La période de rétention qui satisfait l'auditeur

SOC 2 ne spécifie pas de période de rétention ; les auditeurs s'attendent généralement à au moins 12 mois de journaux, parfois plus pour les audits de Type 2 qui couvrent une période opérationnelle sur plusieurs trimestres.

Conseils pratiques : conservez les journaux d'audit pendant au moins 13 mois pour couvrir la période opérationnelle complète de Type 2 plus un tampon. Conservez les événements d'incident et les journaux de vérification pendant au moins 90 jours pour les critères AV. Nombreux outils de surveillance l'offrent sur les tiers Business ou supérieurs ; vérifiez avant de vous engager auprès d'un fournisseur.
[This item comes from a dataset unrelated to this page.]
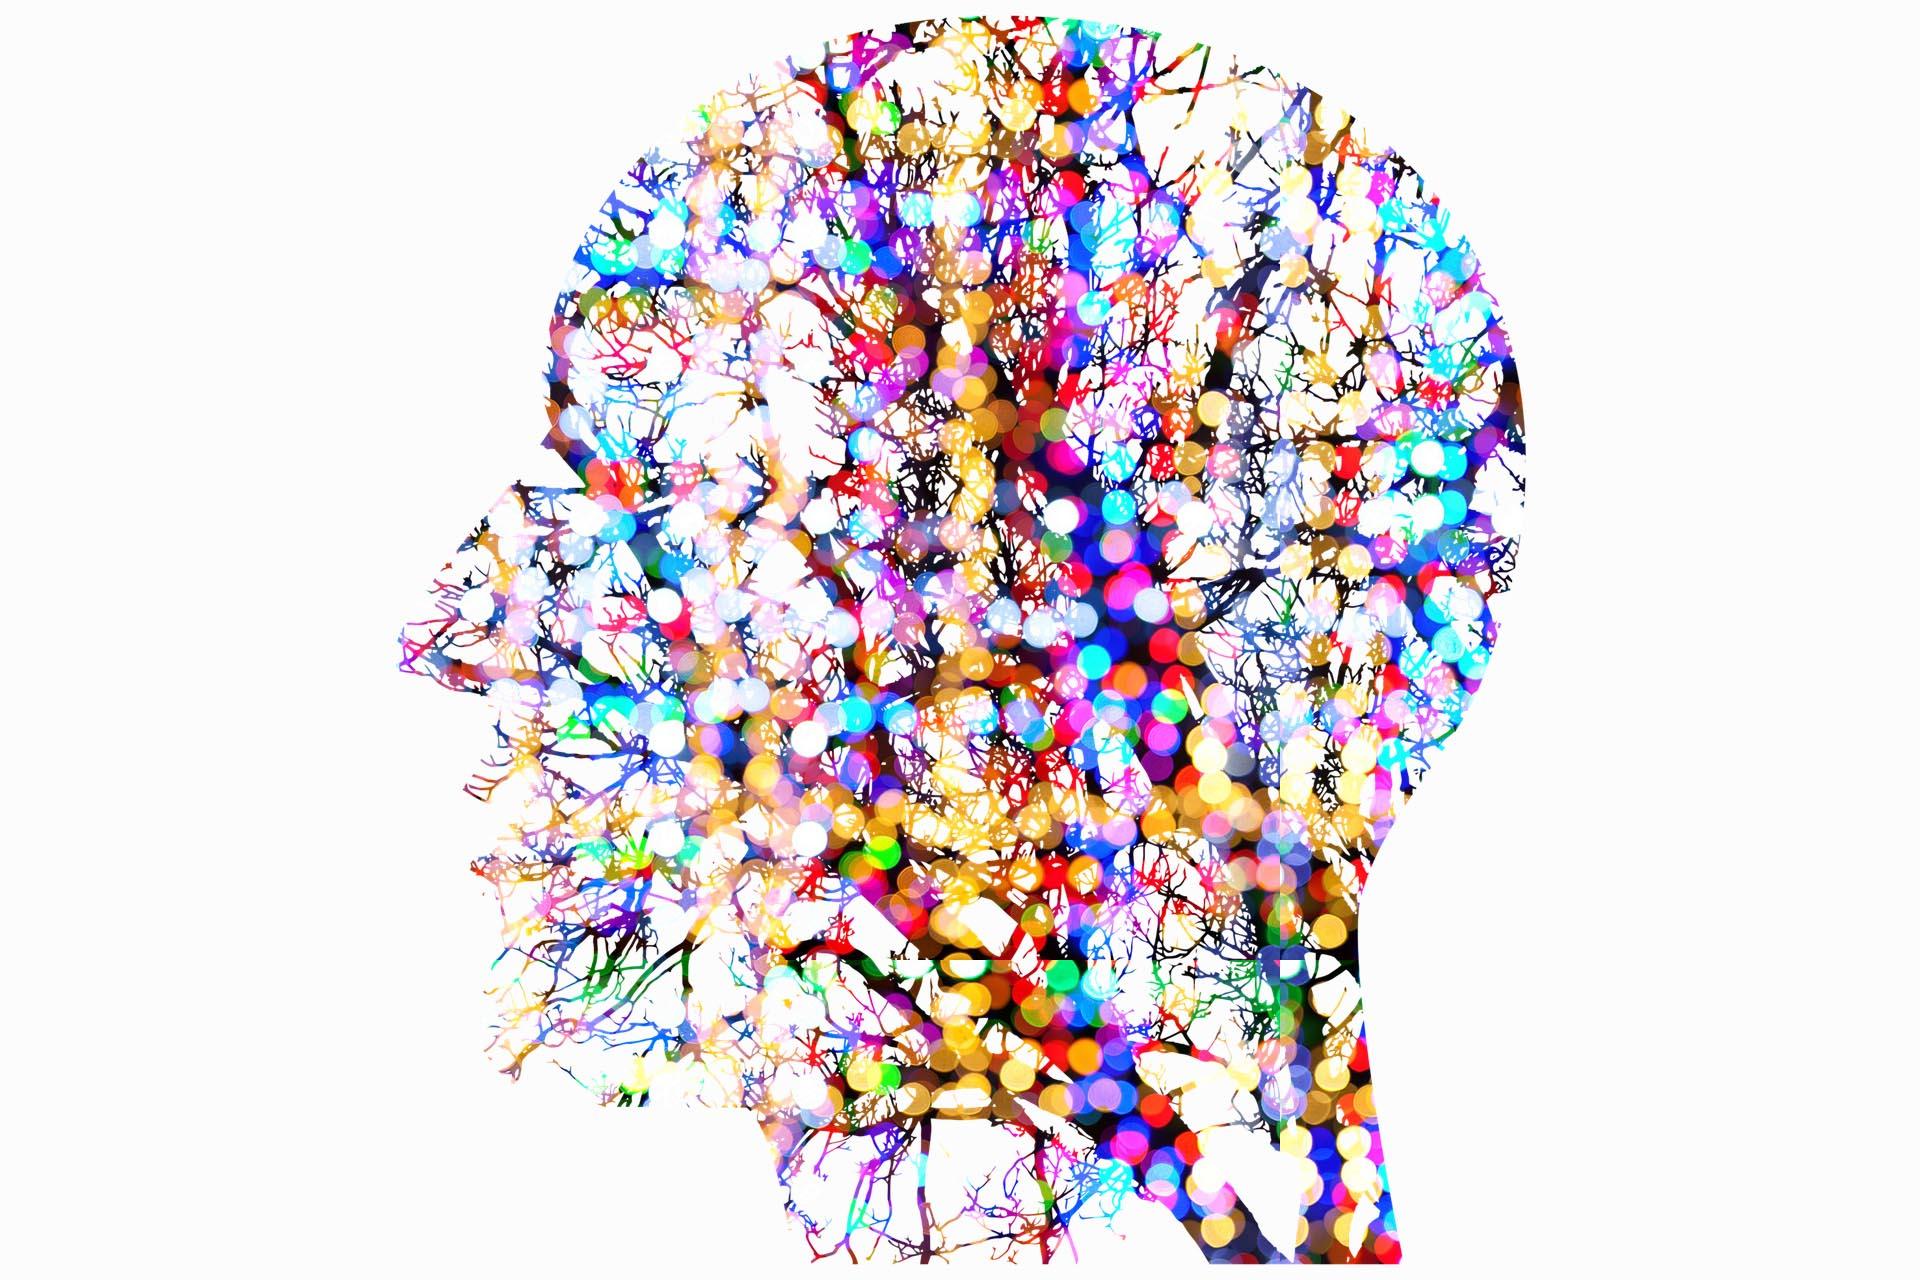 Αγχος-Νο3-copy-1

Les contrôles que l'auditeur testera

L'audit testera l'efficacité opérationnelle de vos contrôles, pas seulement leur existence. Quatre tests courants touchent à la surveillance.

  • Exemple de changements d'accès : l'auditeur choisit 5 à 10 entrées du journal d'audit et vous demande de démontrer le ticket ou la demande de modification correspondante. Assurez-vous que votre processus de gestion des modifications est suivi en dehors de l'outil de surveillance lui-même.
  • Exemple d'incidents : l'auditeur choisit 3 à 5 incidents de la période et demande la piste de réponse. Préparez vos guides de procédures et votre modèle de postmortem.
  • Inventaire des clés API : l'auditeur demande qui a des clés API, quand elles ont été utilisées en dernier et si les portées sont appropriées. Effectuez un examen trimestriel des clés et documentez-le.
  • Couverture de surveillance : l'auditeur demande comment vous décidez quoi surveiller. Ayez une politique écrite qui nomme les critères ; une réponse non documentée « nous savons ce qui est important » échoue au test.

Les contrôles du côté du fournisseur à vérifier

Le rapport SOC 2 de votre fournisseur de surveillance fait partie de votre audit. L'auditeur le demandera.

Vérifiez avant de vous engager : le fournisseur a-t-il un rapport SOC 2 de Type 2 ? Quand a-t-il été émis et quelle est la période opérationnelle ? Les critères pertinents (AV, CC) sont-ils couverts ? Y a-t-il une section Considérations relatives à l'entité utilisateur qui énumère les contrôles que vous êtes responsable de mettre en œuvre en complément du fournisseur ? Prenez cela au sérieux ; un fournisseur sans rapport SOC 2 actuel peut compromettre votre audit.

L'ensemble de contrôles minimum pour réussir un audit SOC 2 sur la surveillance

Utilisez un outil de surveillance qui produit des journaux d'accès utilisateur, des journaux de modification de configuration, des journaux d'incident et des journaux d'action administrative avec au moins 13 mois de rétention. Maintenez une politique de surveillance écrite qui nomme les services que vous couvrez et les critères d'ajout de nouveaux services. Suivez les modifications de configuration via un système de tickets ou une PR git afin que chaque modification ait une justification documentée. Examinez les clés API trimestriellement. Organisez un exercice de simulation annuel de réponse aux incidents. Documentez tout. Avec ces cinq contrôles en place, la surveillance est approuvée lors de votre audit SOC 2, pas un obstacle.